ENFLASYONLA MÜCADELE PROGRAMI (2000)

1990’lı yıllarda Türkiye de kamu gelir ve gider dengesi sağlanamamış, kamu borçları sürdürülemez bir hal almış, enflasyon kronikleşmiş, işsizlik artmış ve ekonomi sıklaşan aralıklarla krizlerle karşı karşıya kalmaya başlamıştır.

 Bu krizlerin temel nedenleri

  Yurt dışı piyasalarda yaşanan olumsuzluklar,

 Sürdürülemez bir borç dinamiğinin mevcudiyeti,

 Kamu bankaları ve mali sistemdeki sağlıksız yapı,

 Yapısal sorunların kalıcı bir çözüme kavuşturulamamış olması,

Tüm bu nedenlerle Türkiye de 2000 yılı başlarında Enflasyonla Mücadele Programı uygulamaya konulmuştur. IMF ile imzalanan stand-by anlaşmasıyla desteklenen bu program 3 yıllık sürede enflasyonun düşürülmesini ve büyüme ortamının yeniden sağlanmasını amaçlamıştır.

 Ocak 2000 Enflasyonu Düşürme Programı Öncesi Gelişmeler

  Türkiye ekonomisinin 2000‟li yıllara girerken yaşadığı bunalımlara, 1990‟lar boyunca sürdürülen dışa bağımlı yapay büyüme stratejisinin tıkanması ve kamu kesimi kronik gelir-gider dengesizliği neden olmuştur.

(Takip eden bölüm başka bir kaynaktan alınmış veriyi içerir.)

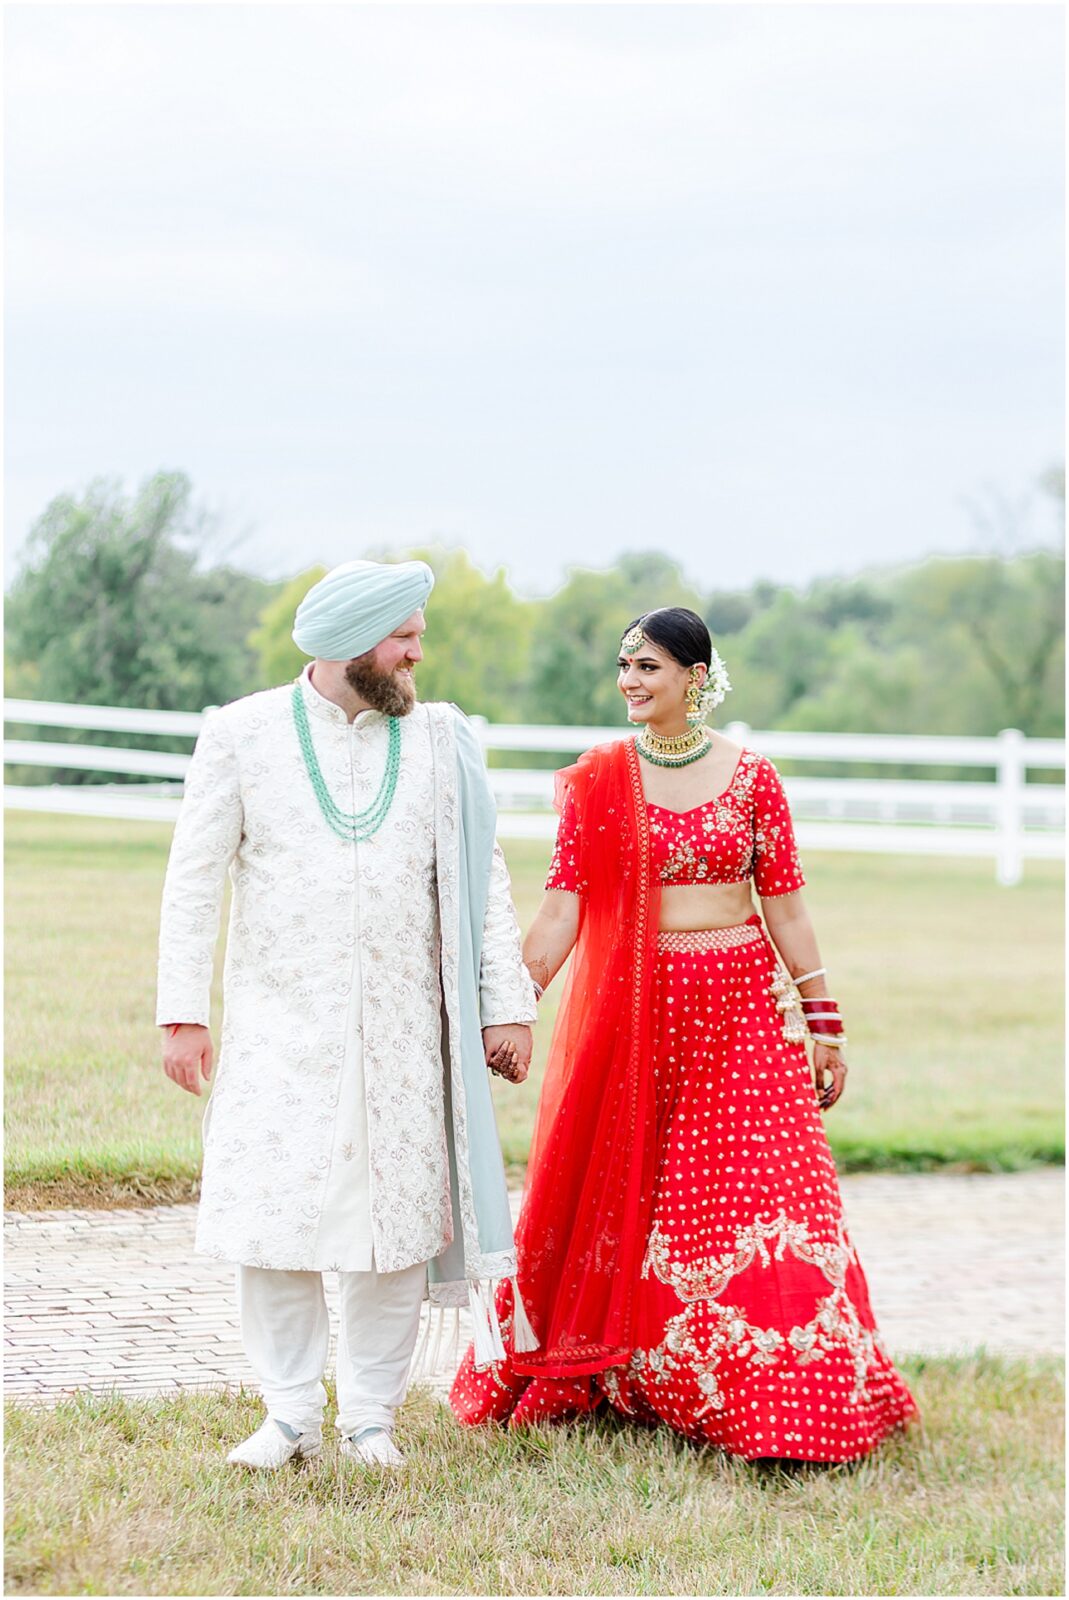 Timeless South Asian Bridal Portraits - Capturing the Essence of an Indian Fusion Sikh Wedding at Kansas Mildale Farms, including Sangeet, henna, baraat, dholi, by Mariam Saifan Photography - Your Kansas City Wedding Photographer of Choice
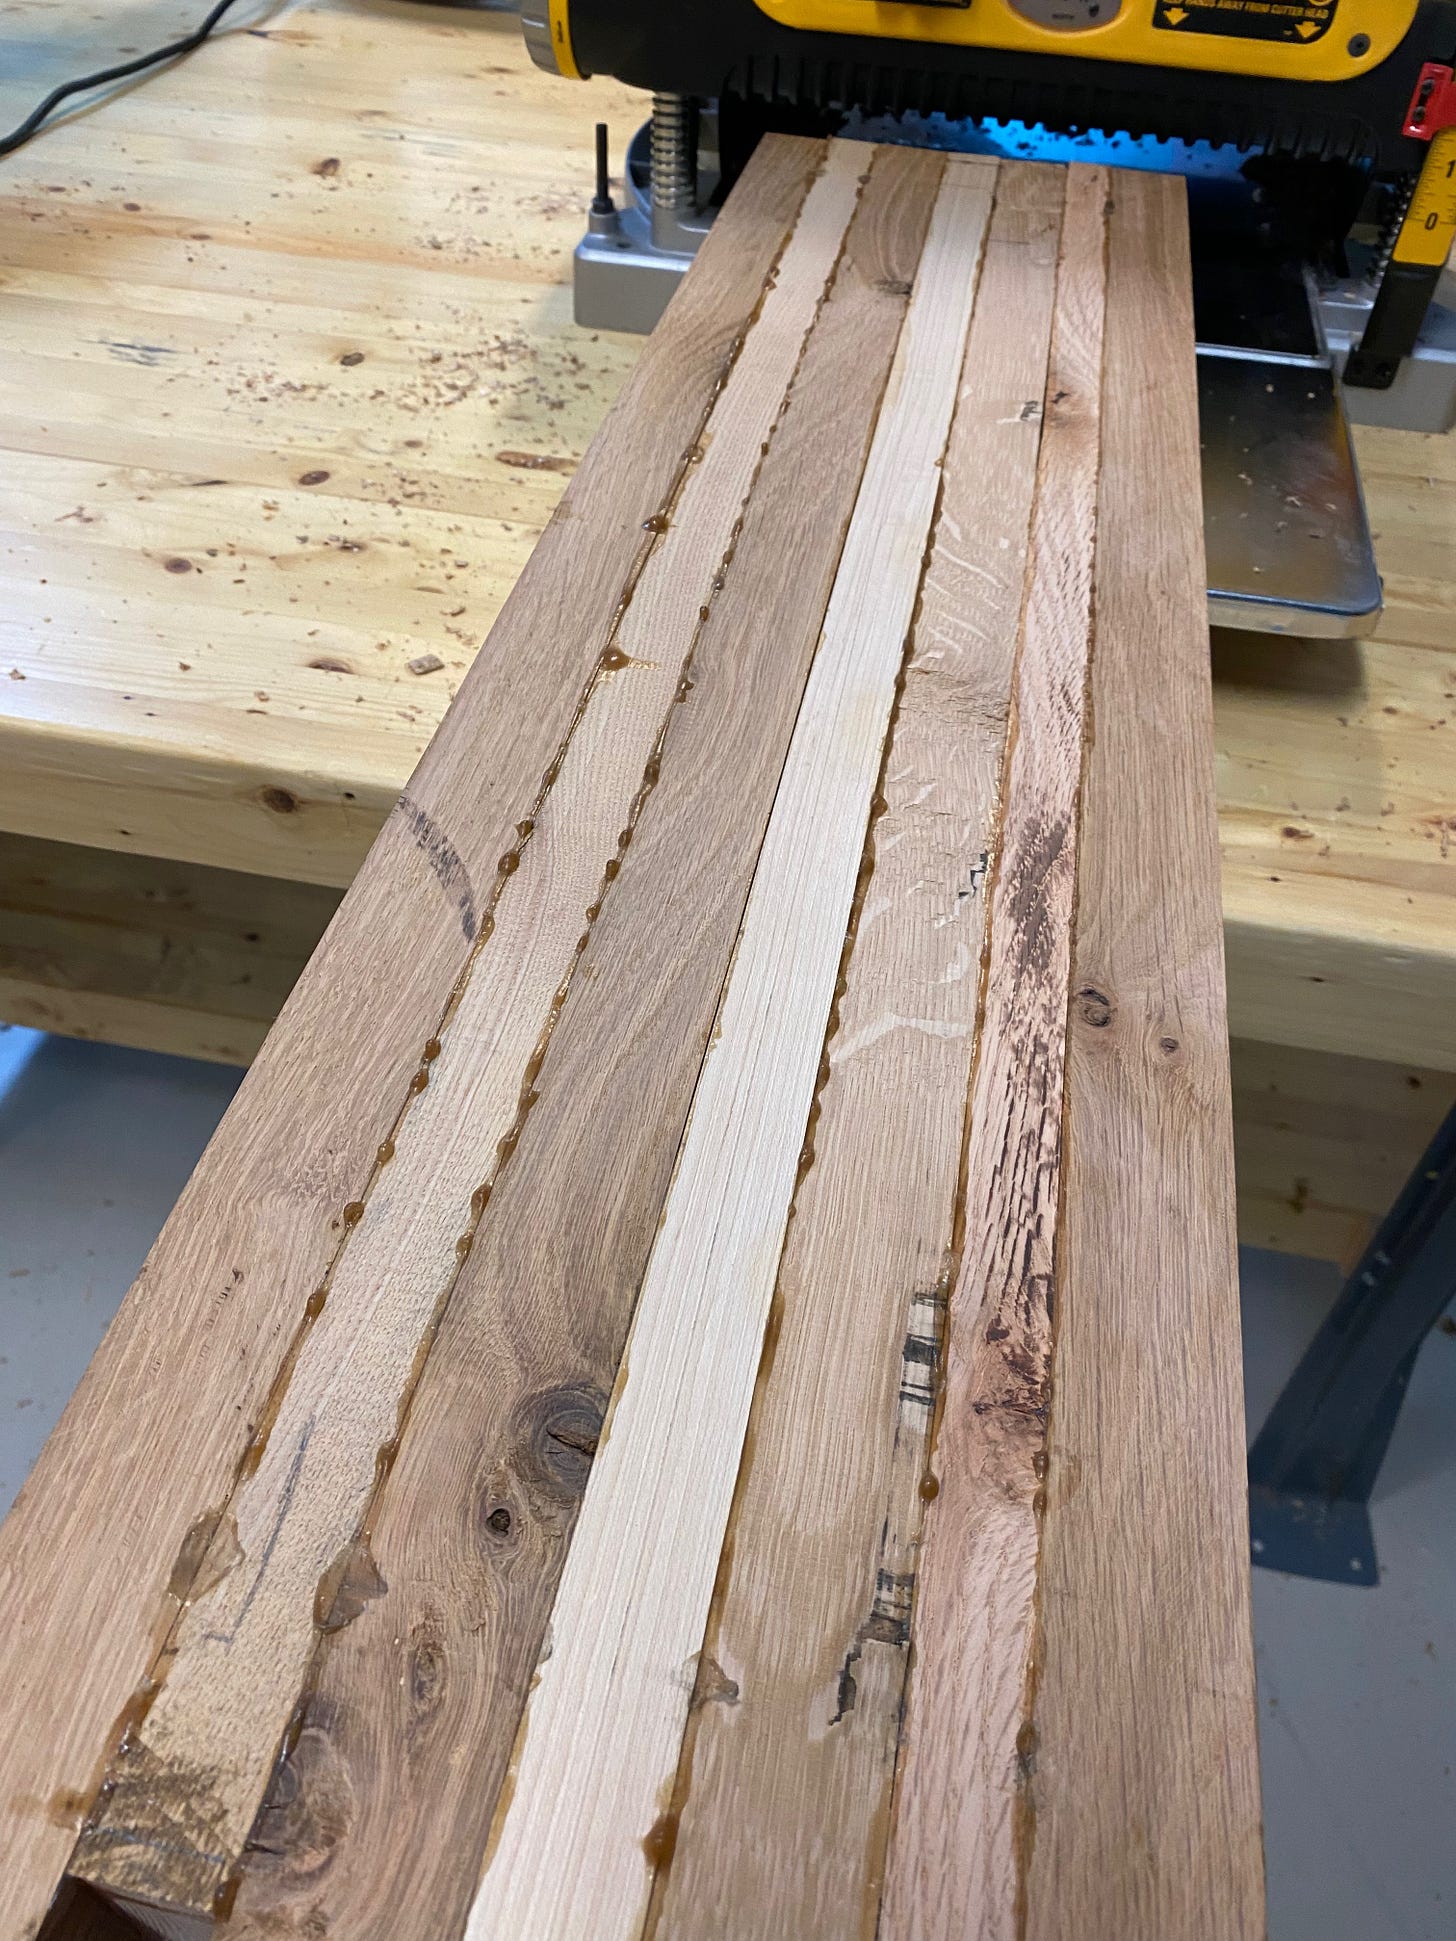 Planing a Glue-Up Piece

 1997 Güney Doğu Asya Krizi ile 1998 Rusya Krizi, Türkiye’yi durgunluğa sürüklemiştir.

 Yükselen enflasyon, kamu açıklarının sürdürülemez boyutlara ulaşması ve diğer sorunlar karşısında 1998 yılı ortalarında IMF ile Yakın İzleme Anlaşması İmzalanmıştır. Programın temel amacı; kamu finansmanının güçlendirilmesi, destekleyici ve iyi koordine edilen para politikasının izlenmesi ve yapısal sorunların çözümü yoluyla enflasyonun kalıcı bir şekilde düşürülmesidir.

 Hükümet, IMF’ye 9 Aralık 1999 tarihli Niyet Mektubu’nu sunduktan sonra 1 Ocak 2000‟den itibaren üç yıllık bir ekonomik süreci kapsayan, maliye, para, kur ve gelir politikalarının yanı sıra, yapısal değişimleri de içeren enflasyonu düşürme programını uygulamaya koymuştur

 Enflasyonla Mücadele Programında Alınan Kararlar

  Sıkı bir maliye politikası uygulanması, kamu borç stoku azaltılarak faiz oranlarında iyileştirme

 Kapsamlı yapısal reformların gerçekleştirilmesi ve finansal sektörün yeniden yapılandırılması

 Enflasyonist beklentileri aşağı çekmek için döviz kurlarının enflasyon hedefine göre belirlenerek önceden açıklanması

 Yabancı kaynak girişine göre likidite genişlemesine izin veren bir para politikası (kur çıpasına dayalı para pol.)

 Bu programın uygulanma sonucunda başlangıçta kamu açıkları azalmış ve yapısal alanda önemli adımlar atılmıştır. (Sosyal güvenlik sistemindeki düzenlemeler, tarımda doğrudan gelir desteği, BDDK’nın kurulması gibi). Ayrıca faiz oranları ve enflasyonda da düşüş başlamıştır. Ancak bu tablonun devamı sağlanamamış ve ülke yeni bir kriz ortamına sürüklenmiştir. Kasım 2000 ve hemen arkasından Şubat 2001 krizleri özellikle bankacılık sektörünü zor durumda bırakmıştır. Böylece oluşan ekonomideki belirsizlik ortamı reel sektörü de çok olumsuz etkilemiştir.